Any thoughts or suggestions would be appreciated as I want to keep the slabs together (in one piece).

John Fleming


----------



## wunderwoods

John,

We need to see photos before you go crazy cutting that thing up. If it is that big and a good quality log, it is worth more to sell it than cut it. The biggest walnut I have run into is 36" inside the bark at 10'. That is a size that had veneer buyers ready to come and see me. Unfortunately, the tree had nails in it, so I wasn't able to sell it for as much. Also, I have a friend (David Stine) that builds slab tables that would be very interested in slabs from a tree that large and pay for them.


----------



## Flemflam

Scott - Thank you for the reply. I will take pics tomorrow and post. While I don't know much about the quality of trees, I suspect it is of lower quality because of the likely presence of nails and such and because a limb recently fell off that looked rotten. Much of the tree, however, has fresh leaves on it. I'll get the pics up. Thanks again. John


----------



## WoodMizerGuy

Hi John,

Wood-Mizer has a form that you can use to find local sawmill owners. Feel free to plug your info in, and we'll look up guys in your area.

http://www.woodmizer.com/us/ResourceCenter/FindaCustomSawyer.aspx

Jake


----------



## Scsmith42

John, I work with large diameter logs all the time, and these are outside of the realm of your typical sawmill operator. Fortunately for you, there is a business outside of Austin that specilizes in slabbing and milling very large diameter logs. Your best bet is to trailer your log over to Brandon Berdoll's operation. He can both mill and kiln dry your wood. Let me know if you would like his contact info.

If you follow Jake's advice and find a local Woodmizer owner, you're going to need to make sure that they can handle a log weighing in the neighborhood of 6000 lbs (44" BW x 10' long log). Plus, you will need to sacrifice some of the logs diameter as even the largest, commonly available Woodmizer mills can only handle a 36" dimeter log.

I think that you'll find that *most* Woodmizer operators are not equipped to handle logs this size. They are great mills for logs under 30" diameter though.


----------



## HalDougherty

Scott,
But I was wrong. They have a monster of a machine in their commercial division. It will handle a 67" diameter log. The bed can be extended to as much rail as you can afford. Just like the LT15 or a Timberking 1220 like mine. The price for this beast is industrial quality too. They don't try to use a cantilever sawhead on this monster. Wish I had one!

http://www.woodmizer.ca/Products/IndustrialSawmills/WM1000Sawmill.aspx


----------



## Doss

*Hal*, do you have a price on that bad boy? I'm already salivating.

*John*, this is a very large log for a bandsaw mill (as you have found out). I don't know of one that is truly portable that will handle this.

You may be sitting on a potentially very valuable log like *Scott* said.

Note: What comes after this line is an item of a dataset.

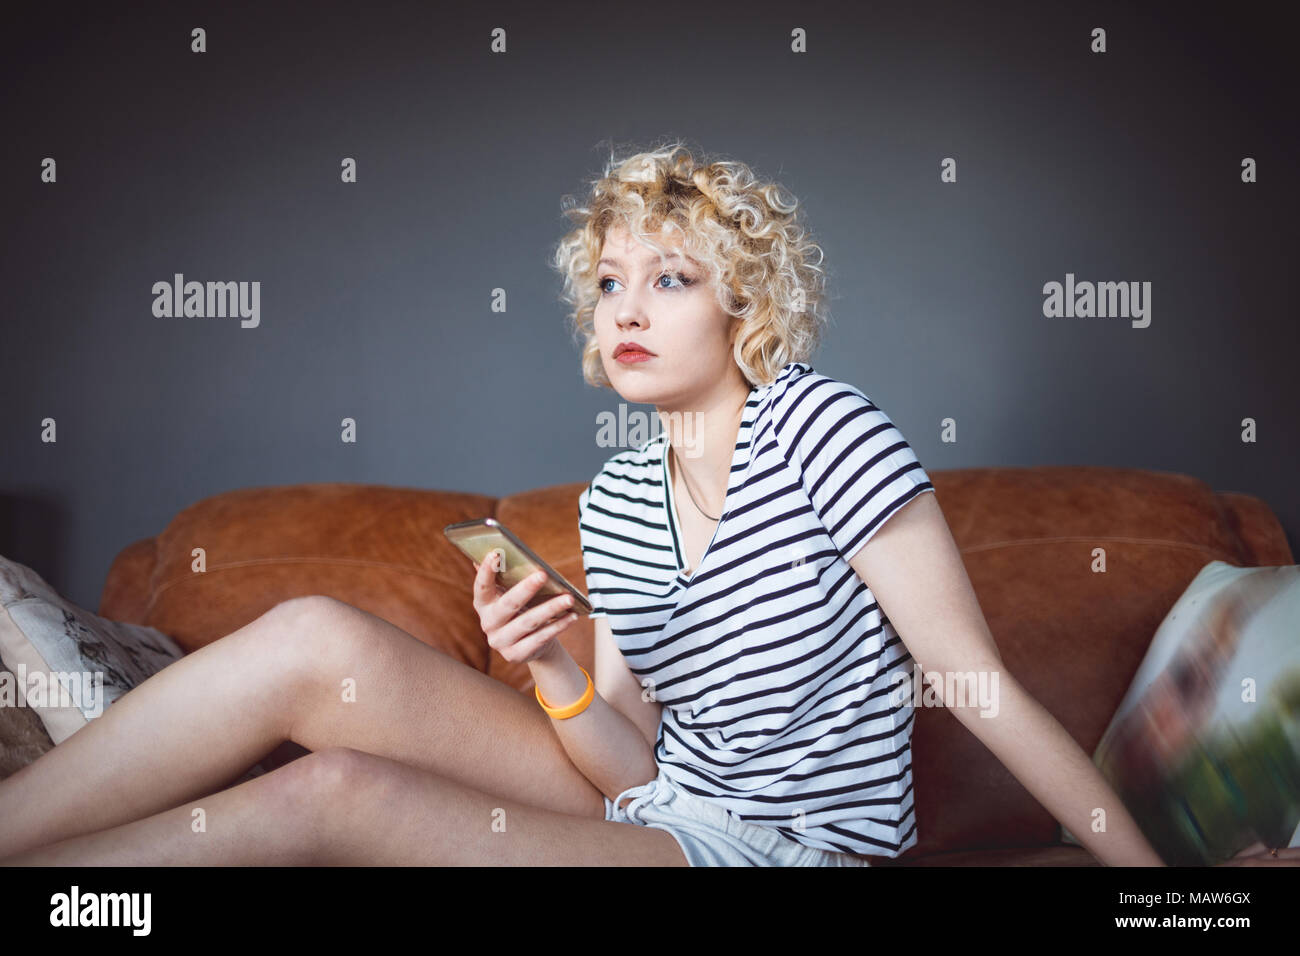 Woman using mobile phone in living room Banque D'Images

It's best to find a sawyer who knows what they're doing and isn't just going to cut this thing as fast as they can. Cut for quality not quantity or speed.


----------



## Scsmith42

Hal, they introduced the WM1000 earlier this year, but there are not very many of them available to mill lumber… I researched them when they came out, but the price does not have a positive ROI versus my current setup.

That's why I said "largest, commonly available Woodmizers"....

And you're right - they are not cheap.

Doss - you NEED a WM1000! Go buy one so that the rest of us can salivate. Of course, you'll need to buy some extra large forklifts or cranes for taking care of your log feeding needs!


----------



## Doss

Yes sir! I think a heavy equipment purchase would be in order if I got that thing. LOL

I'll keep looking at 36" mills for now and ignore the fact that that beast exists.


----------



## WDHLT15

Hopefully your log will not be full of nails and iron. Sadly, most yard walnut are. Be sure you understand the terms and conditions on the front end that apply when the sawyer hits metal.


----------



## Post_Oakie

Couple of thoughts. A swing blade mill (Peterson or Lucas) can handle that log. The swing blade mill can cut out one slab, and cut the rest into dimension lumber, but both have slabbing attachments that drive a chain saw with a 4- stroke engine. I have milled walnut that size with a double-ended chain saw mill (Granberg Alaska mill), running a Husqvarna 372 on one end and a Stihl 660 on the other. Every slab took about 20 minutes and a tank of fuel in each saw, but it was worth it. As happy as I am with my Norwood band saw mill, you might consider a Hudson. The Oscar 52 can handle 52" logs, though I've never seen one in person. That's asking a lot from the mill!


----------



## TreeBones

The Sawmill Finder
http://portablesawmill.info

Better late than never…


----------



## avsmusic1

I had the same thought as Post_Oakie - This seems like a job for a chainsaw mill with a large bar


----------



## dcg4403

Next time, consider getting any large diameter logs in Texas to the Texas Urban Sawmill located in Dripping Springs, TX just outside of Austin Texas.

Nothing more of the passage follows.